Engine bias is inherited

SearxNG is a meta-search engine. It does not have its own index; it aggregates Google, Bing, Yahoo, DuckDuckGo. Anything those engines decline to surface, slorg cannot surface. Anything they rank highly, slorg starts from. If the topic is one that Google has chosen to suppress, demote, or wrap in a “complex topic” disclaimer, slorg inherits that decision and there is nothing in the pipeline that compensates for it.

This is true of every system built on public search. We mention it because product copy elsewhere likes to imply that “AI-powered” somehow routes around editorial decisions by the underlying engines. It does not. slorg is more honest about it because the SearxNG layer is visible in the architecture page; it is not more capable of avoiding it.

What honest source-awareness looks like in the UI

We do not ship a UI. slorg is a CLI, a library, and a REST endpoint. But for the teams who have wired slorg into research dashboards, here is what works in practice:

None of this is novel. Research engineers building eval dashboards have been doing it for years. The point is that source-awareness lets you do it; an opaque “AI search” product does not.

The recommendation

If you are choosing between an opaque hosted AI search product and slorg, the choice is roughly: do you want to trust a vendor’s editorial layer, or do you want the visibility to make your own editorial decisions?
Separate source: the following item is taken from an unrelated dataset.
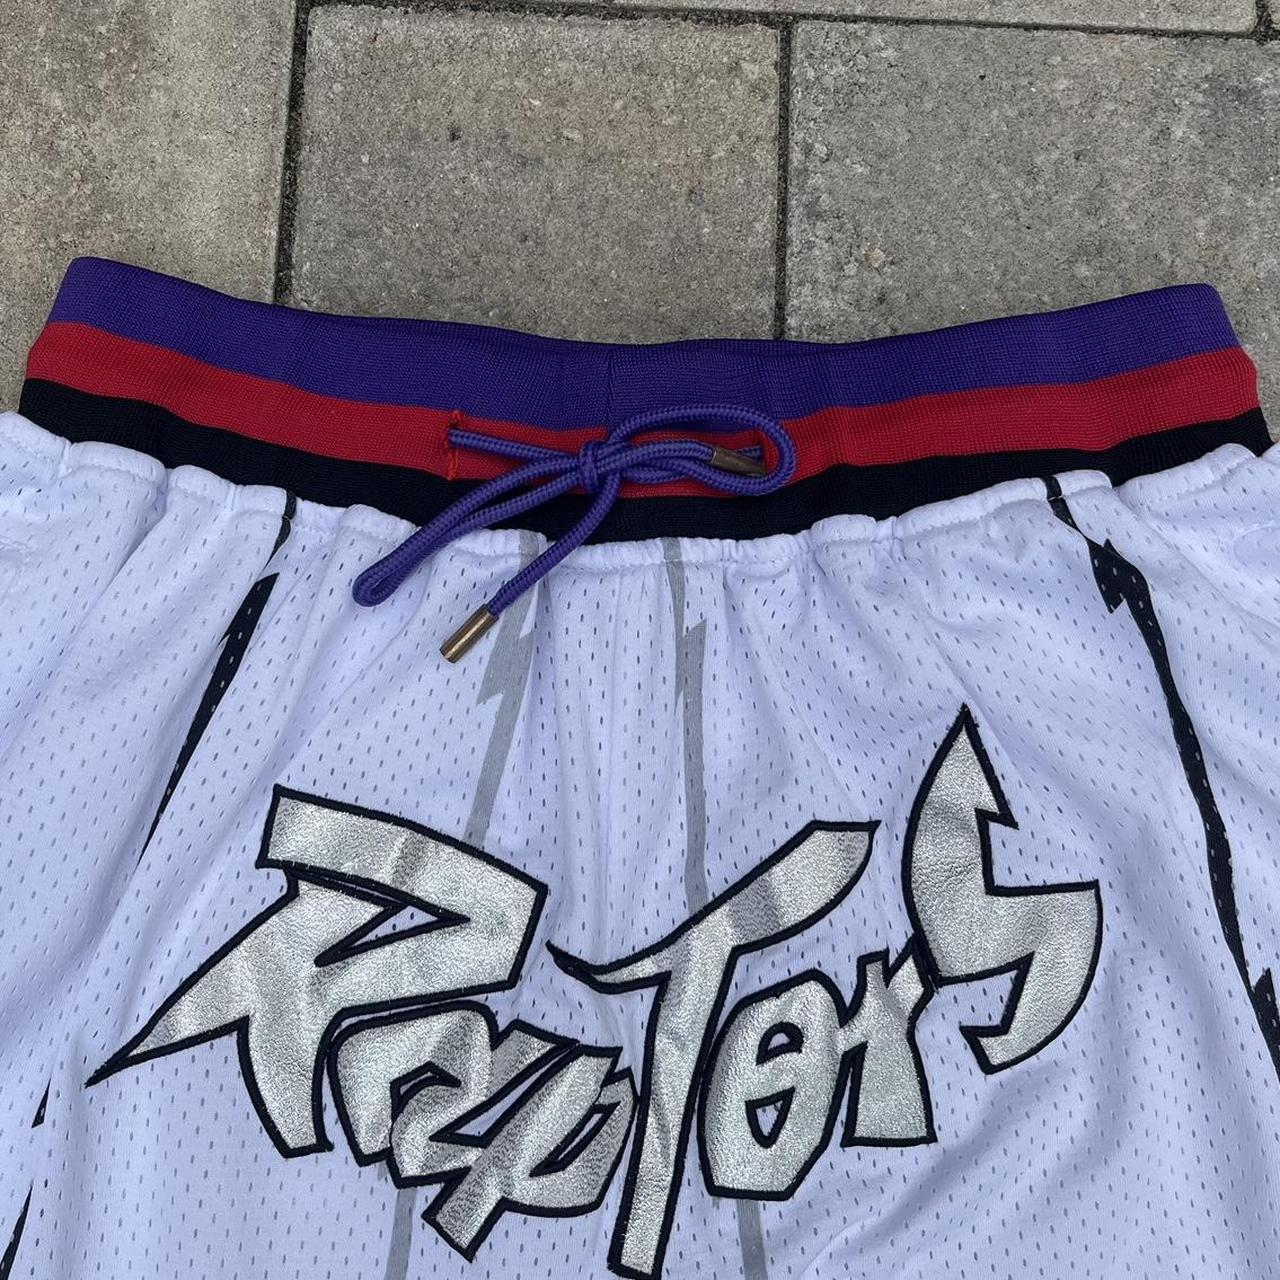 Vintage black white and red nba shorts with logo on - Depop
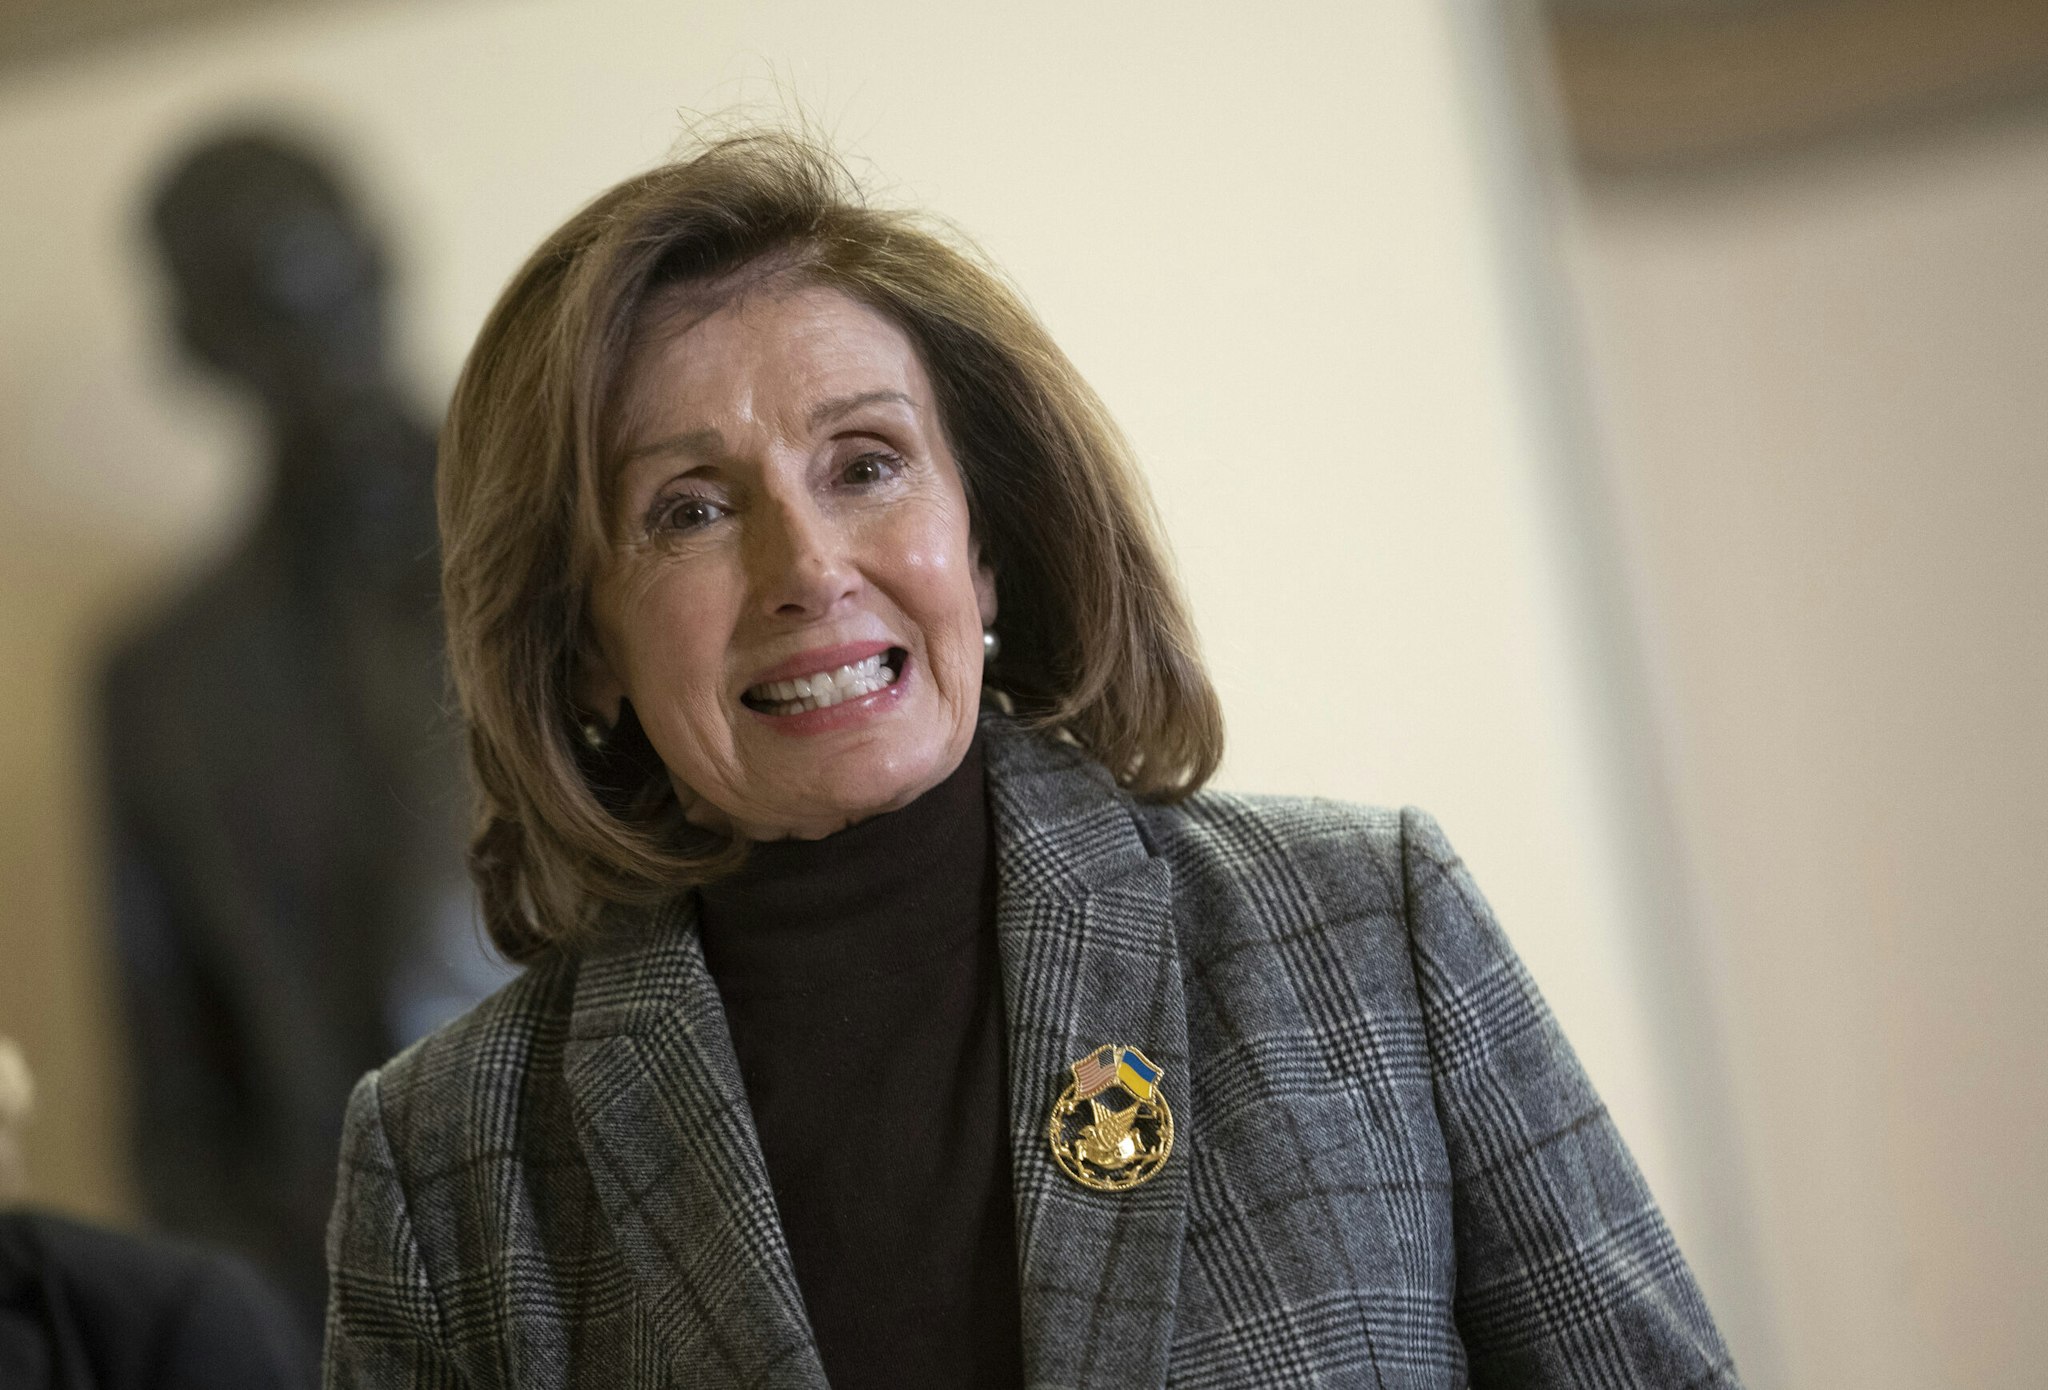 House Speaker Nancy Pelosi drew social media mockery Friday after wishing a “Happy Shwanza,” presumably to those who celebrate Kwanzaa, in her remarks following passage of the omnibus spending bill.

There is no shame in choosing the vendor. Vendors are faster, they polish the UI, they hide the failure modes. For many use cases — quick fact lookups, casual research — that is the right trade.

slorg exists for the cases where it is not. Where you actually need to know what your engine knows, and where “the engine returned this confident answer” is not enough.

In those cases, the result object is the product. The answer is just one field.